Villa Carlotta plays Chateau Marmont on ‘The Offer’ – DIRT

Those who prefer their living spaces with a side of Tinseltown history should look no further than Villa Carlottaa stunning Spanish Colonial Revival property that dominates a particularly charming corner on the north end of Hollywood at 5959 Franklin Ave. Originally designed as a luxury apartment building for the show business elite, the quaint resort was completely redesigned in 2018 as a first-class extended-stay hotel. Despite the many updates and modernizations, it remains absolutely teeming with old Hollywood glamour!

As such, the accommodation was a shoo-in for a cameo on “The Offer,” the recent Paramount+ series chronicling the real-life behind-the-scenes drama that took place during the making of the 1972 classic “The Godfather.” widely considered one of the best films of all time.

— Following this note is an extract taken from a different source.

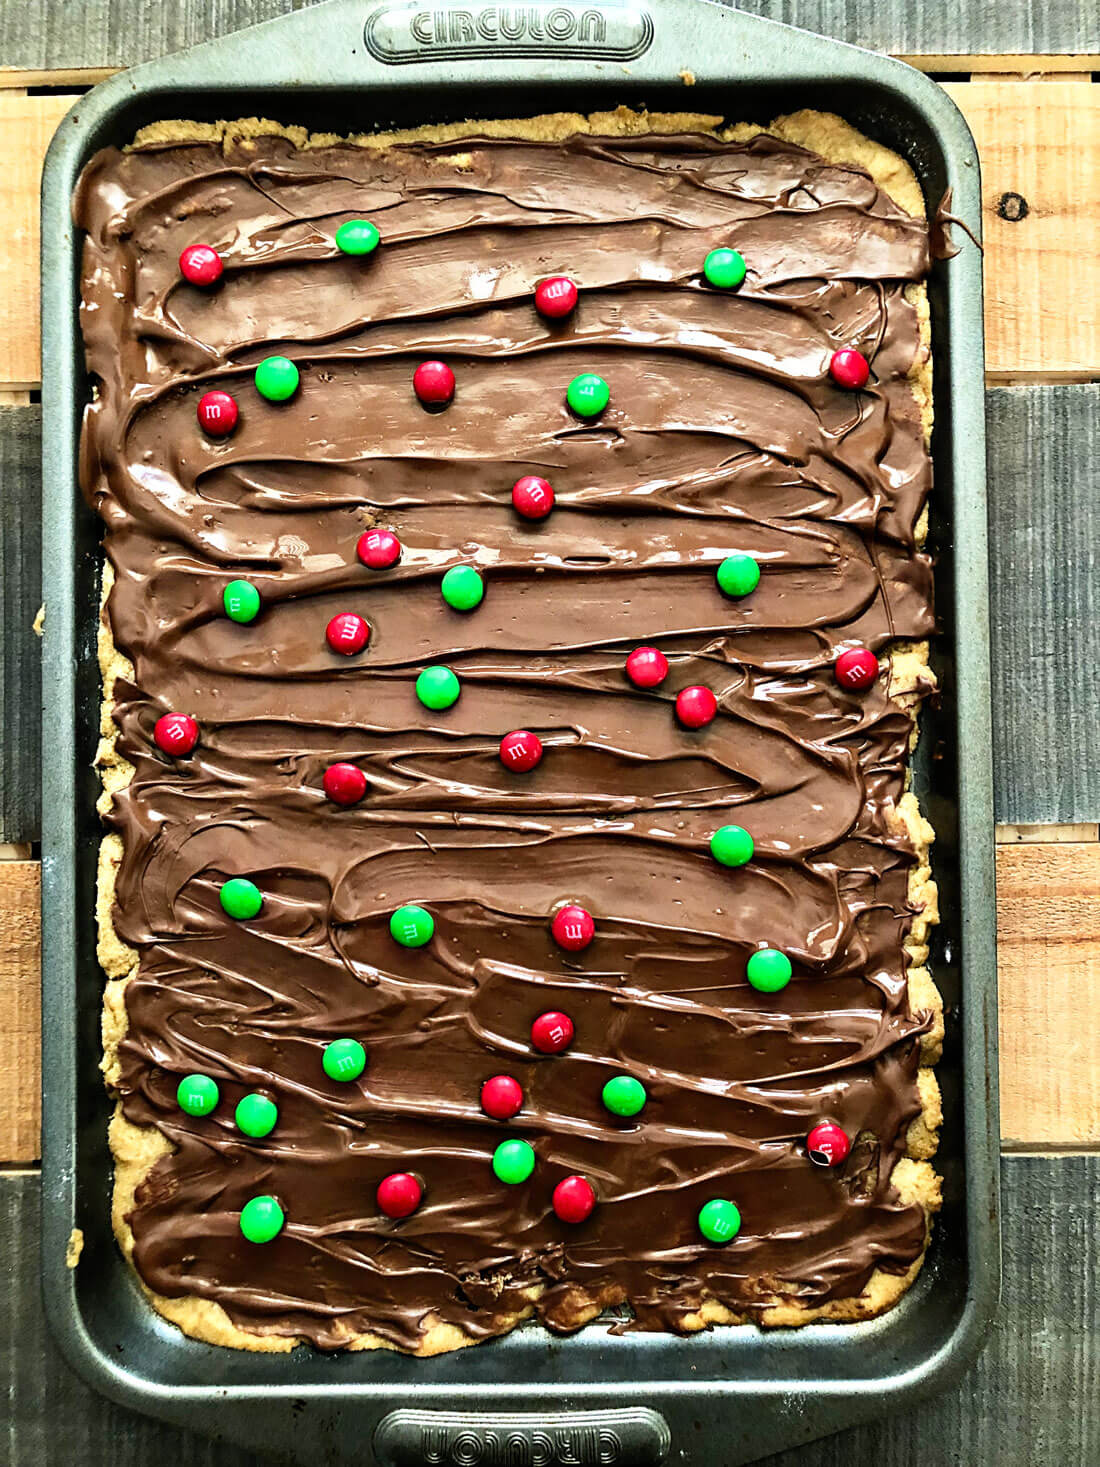 Let cool for a few minutes and add M & M candies on top of the melted chocolate.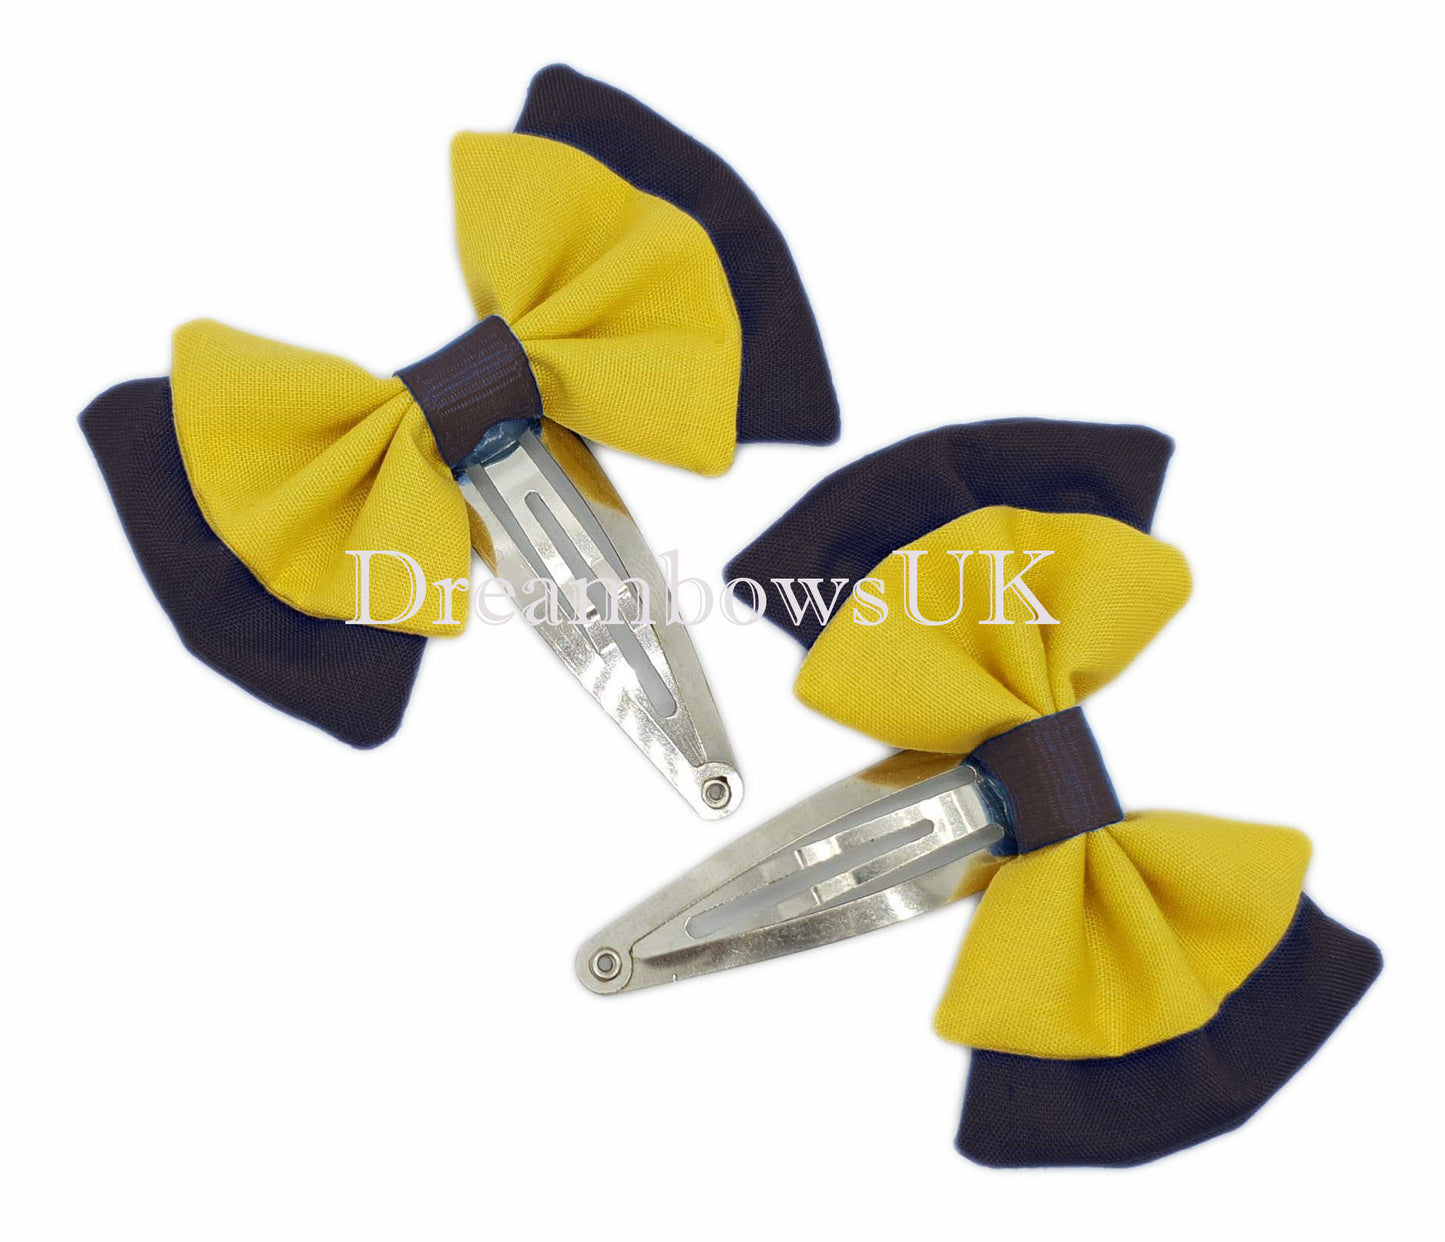 2x Black and golden yellow fabric hair bows

Built by prolific developer Luther T. Mayo in 1926, Villa Carlotta was designed based on a design by Arthur E. Harvey, the same architect responsible for the neighboring Chateau Elyseethe Norman-style French structure perhaps better known by its other moniker, the Church of Scientology International Celebrity Center.

Steeped in legend from the start, Villa Carlotta was originally owned by Elinor Ince, the widow of studio titan Thomas H. Ince, and is believed to have been financed by William Randolph Hearst, who, as the story goes, the highly publicized story, accidentally shot down and killed Thomas aboard his yacht, the USS Oneida, in 1924. Hearst is said to have confused Ince with Charlie Chaplin, who was also partying aboard the ship and allegedly had an affair with his longtime mistress, Marion Davies. After the shooting, the publishing magnate funded Villa Carlotta as a sort of silent payment to the beleaguered wife Thomas left behind.

While most current reports cite Ince as having in fact succumbed to heart failure as a result of gastritis brought on by the rich foods he consumed on board the yacht, the lewd shooting scenario is repeated far more often. and became the subject of rampant speculation, numerous articles and even a 2001 film titled “The Cat’s Meow”, directed by Peter Bogdanovich.